Python: Finding out if certain words in a list are actual English words or close to English words

I am working on a problem where I get a lot of words with their frequency of occurrence listed. Here is a sample of what I get:
drqsQAzaQ:1
OnKxnXecCINJ:1
QoGzQpg:1
cordially:1
Sponsorship:1
zQnpzQou:1
Thriving:1
febrero:1
rzaye:1
VseKEX:1
contributed:1
SNfXQoWV:1
hRwzmPR:1
Happening:1
TzJYAMWAQUIJTkWYBX:1
DYeUIqf:1
formats:1
eiizh:1
wIThY:1
infonewsletter:8
BusinessManager:10
MailScanner:12
As you can see, words like 'cordially' are actual English words, while words like 'infonewsletter' are not actual English words by themselves, but we can see that they are actually in English and mean something. However, words like 'OnKxnXecCINJ' do not mean anything (actually they are words from another charset, but I am ignoring them in my exercise and sticking to English) - I can discard them as junk
What would be the best method in Python to detect and eliminate such junk words from a given dictionary such as the one above?
I tried examining each word using nltk.corpus.word.words(), but it is killing my performance as my data set is very huge. Moreover, I am not certain whether this will give me a True for words like 'infonewsletter'
Please help.
Thanks,
Mahesh.
If the words are from completely different script within Unicode like CJK characters or Greek, Cyrillic, Thai, you could use unicodedata.category to see if they're letters to begin with (category starts with L):
>>> import unicodedata
>>> unicodedata.category('a')
'Ll'
>>> unicodedata.category('E')
'Lu'
>>> unicodedata.category('中')
'Lo'
>>> [unicodedata.category(i).startswith('L') for i in 'aE中,']
[True, True, True, False]
Then you can use the unicodedata.name to see that they're Latin letters:
>>> 'LATIN' in unicodedata.name('a')
True
>>> 'LATIN' in unicodedata.false('中')
False
Presumably it is not an English-language word if it has non-Latin letters in it.
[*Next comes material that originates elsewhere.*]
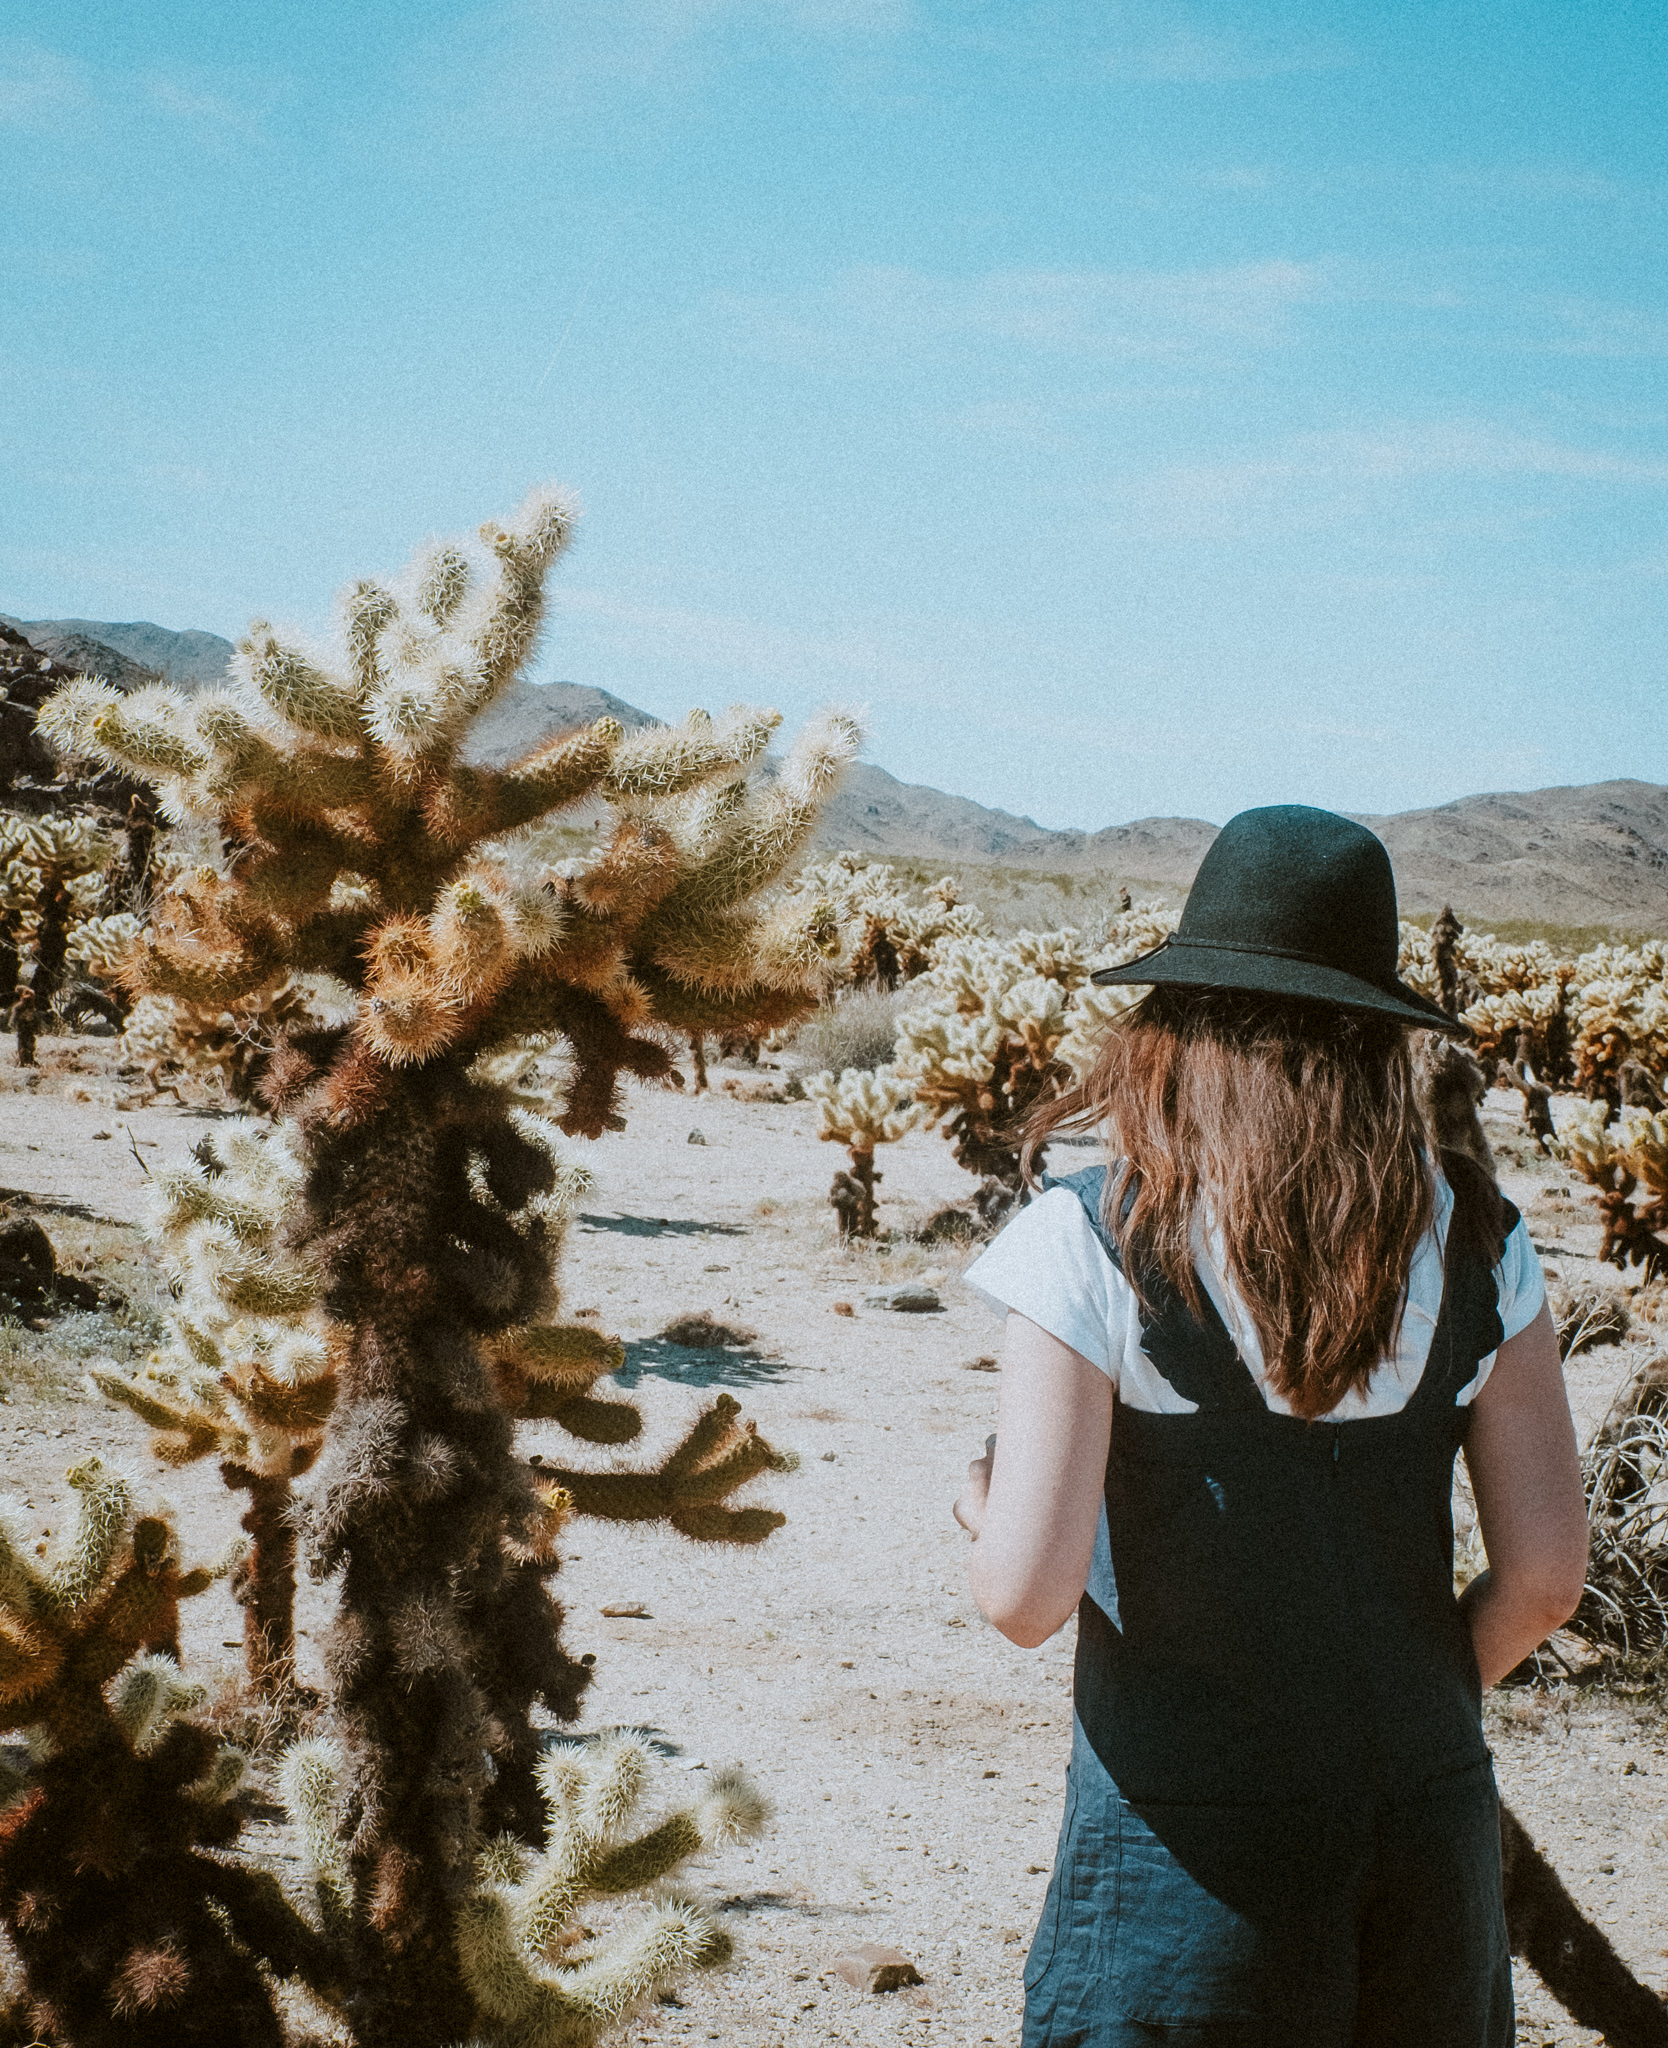 Holly next to Cholla Cactus plant in Joshua Tree National Park

Otherwise, you could use a letter bigram/trigram classifier to find out if there is a high probability these are English words. For example OnKxnXecCINJ contains Kxn which is a trigram that neither very probably exist in any single English language word, nor any concatenation of 2 words.
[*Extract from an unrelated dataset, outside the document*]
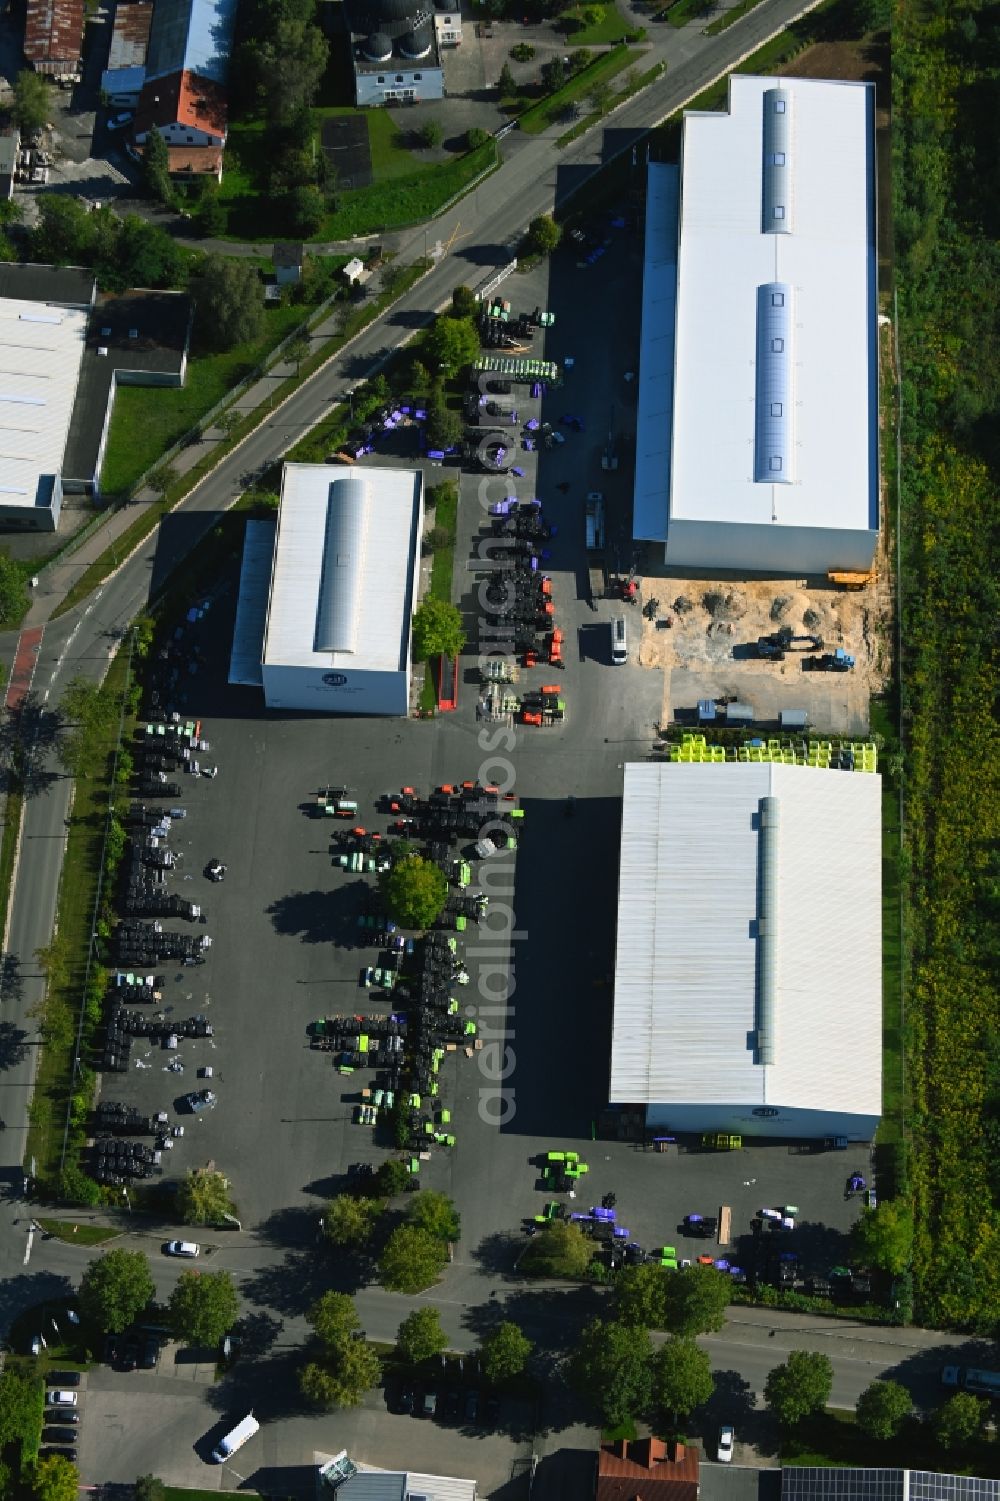 Lauingen from above - Building and production halls on the premises of Zill GmbH & Co. KG in Lauingen in the state Bavaria, Germany

You can build one yourself from the corpus by splitting words into character trigrams, or you can use any of the existing libraries like langdetect or langid or so.
Also, see that the corpus is a set for fast in operations; only after the algorithm tells that there is a high probability it is in English, and the word fails to be found in the set, consider that it is alike to infonewsletter - a concatenation of several words; split it recursively into smaller chunks and see that each part thereof is found in the corpus.
Thank you. I am trying out this approach. However, I have a question. I have a word 'vdgutumvjaxbpz'. I know this is junk. I wrote some code to get all grams of this word, 4-gram and higher. This was the result:
['vdgu', 'dgut', 'gutu', 'utum', 'tumv', 'umvj', 'mvja', 'vjax', 'jaxb', 'axbp', 'xbpz', 'vdgut', 'dgutu', 'gutum', 'utumv', 'tumvj', 'umvja', 'mvjax', 'vjaxb', 'jaxbp', 'axbpz', 'vdgutu', 'dgutum', 'gutumv', 'utumvj', 'tumvja', 'umvjax', 'mvjaxb', 'vjaxbp', 'jaxbpz', 'vdgutum', 'dgutumv', 'gutumvj', 'utumvja', 'tumvjax', 'umvjaxb', 'mvjaxbp', 'vjaxbpz', 'vdgutumv', 'dgutumvj', 'gutumvja', 'utumvjax', 'tumvjaxb', 'umvjaxbp', 'mvjaxbpz', 'vdgutumvj', 'dgutumvja', 'gutumvjax', 'utumvjaxb', 'tumvjaxbp', 'umvjaxbpz', 'vdgutumvja', 'dgutumvjax', 'gutumvjaxb', 'utumvjaxbp', 'tumvjaxbpz', 'vdgutumvjax', 'dgutumvjaxb', 'gutumvjaxbp', 'utumvjaxbpz', 'vdgutumvjaxb', 'dgutumvjaxbp', 'gutumvjaxbpz', 'vdgutumvjaxbp', 'dgutumvjaxbpz', 'vdgutumvjaxbpz']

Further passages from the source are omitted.